* **Data below**:
★ ★ ★
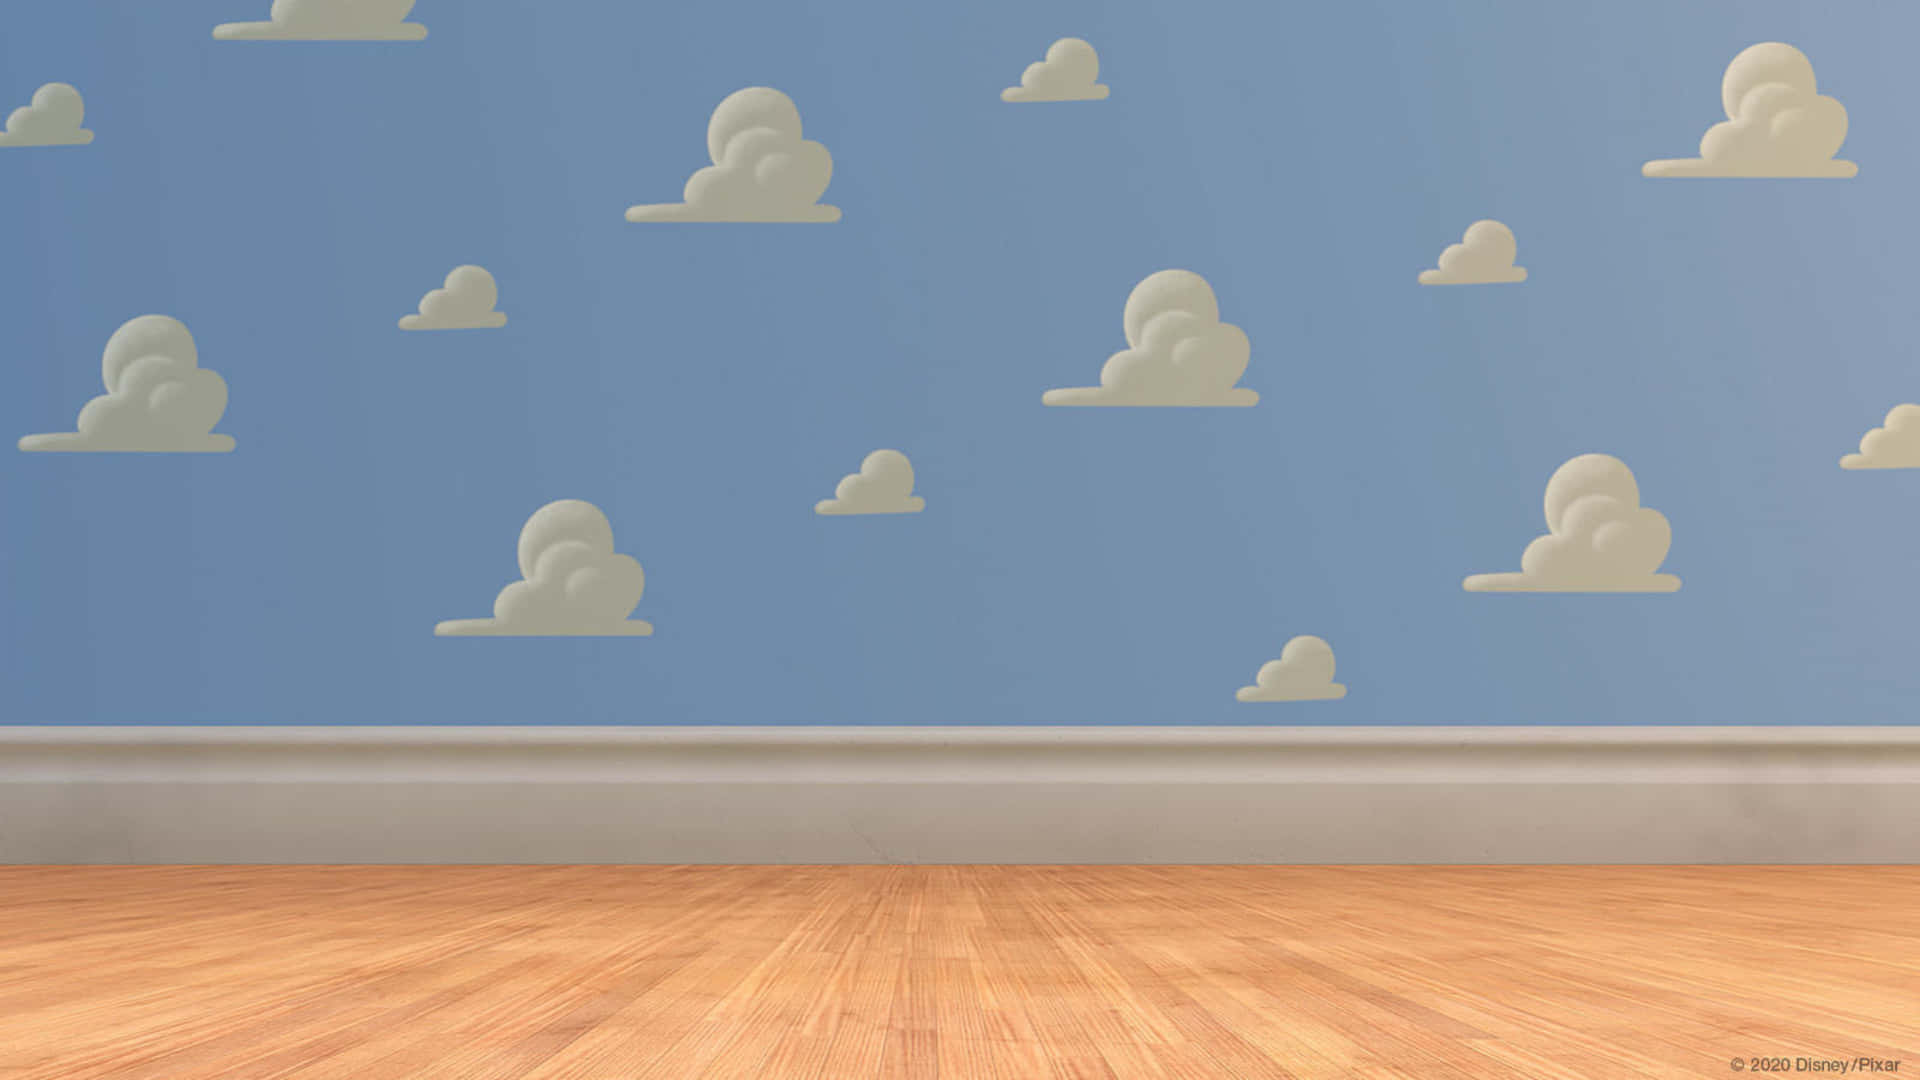 A Room With A Blue Wall And Clouds On It
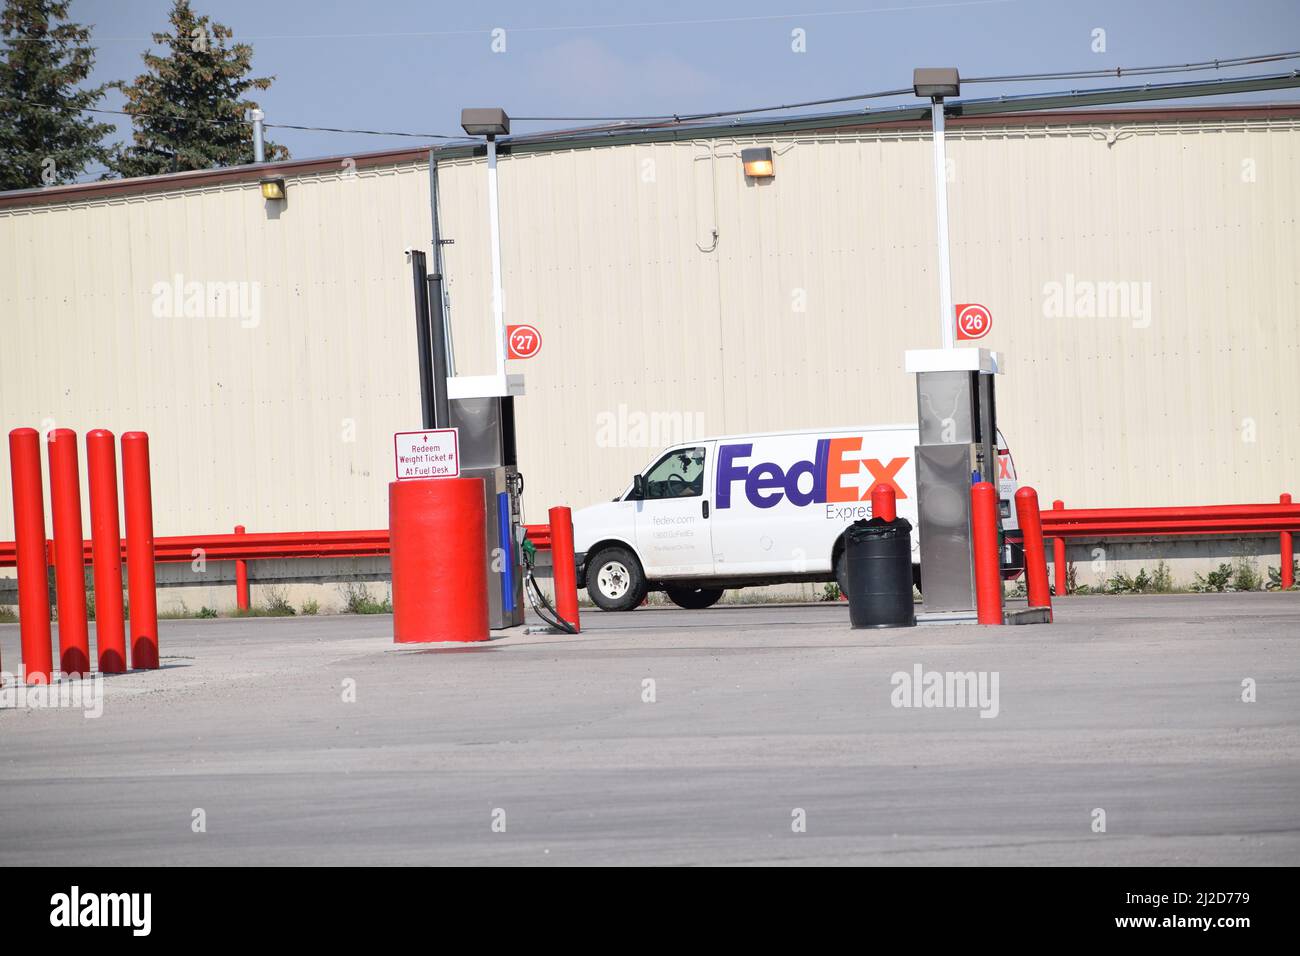 A FedEx van at Sapp Bros Truck Stop on the east side of Cheyenne Wyoming; August 2021 Stock Photo
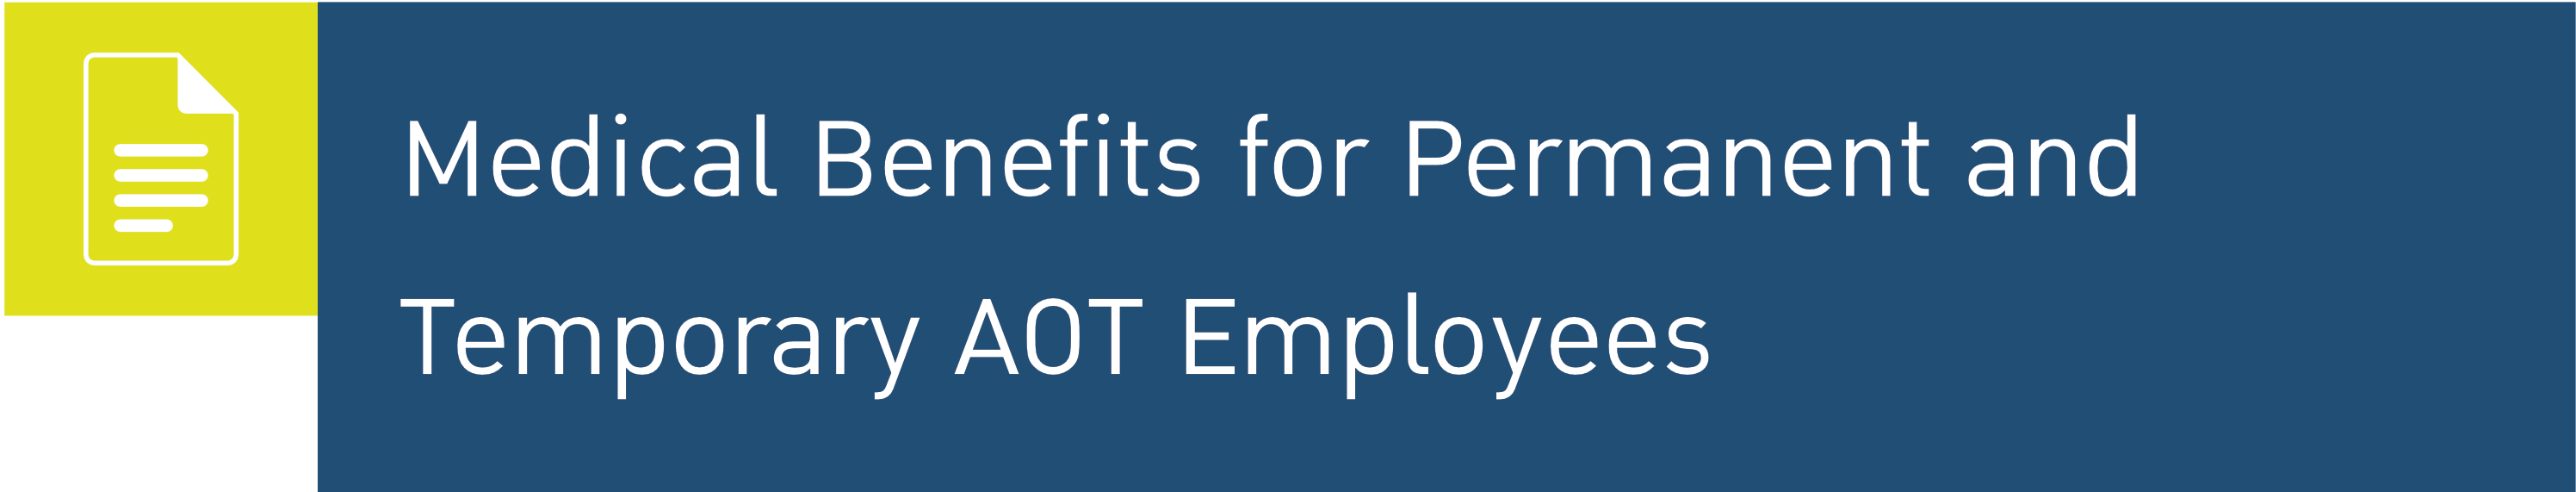 Medical Benefits for Permanenr and Temporary AOT Employees
★ ★ ★
Without including the pictures, copy all of the data exactly.

* **Exercise solution**:
 A Room With A Blue Wall And Clouds On It
 A FedEx van at Sapp Bros Truck Stop on the east side of Cheyenne Wyoming; August 2021 Stock Photo
 Medical Benefits for Permanenr and Temporary AOT Employees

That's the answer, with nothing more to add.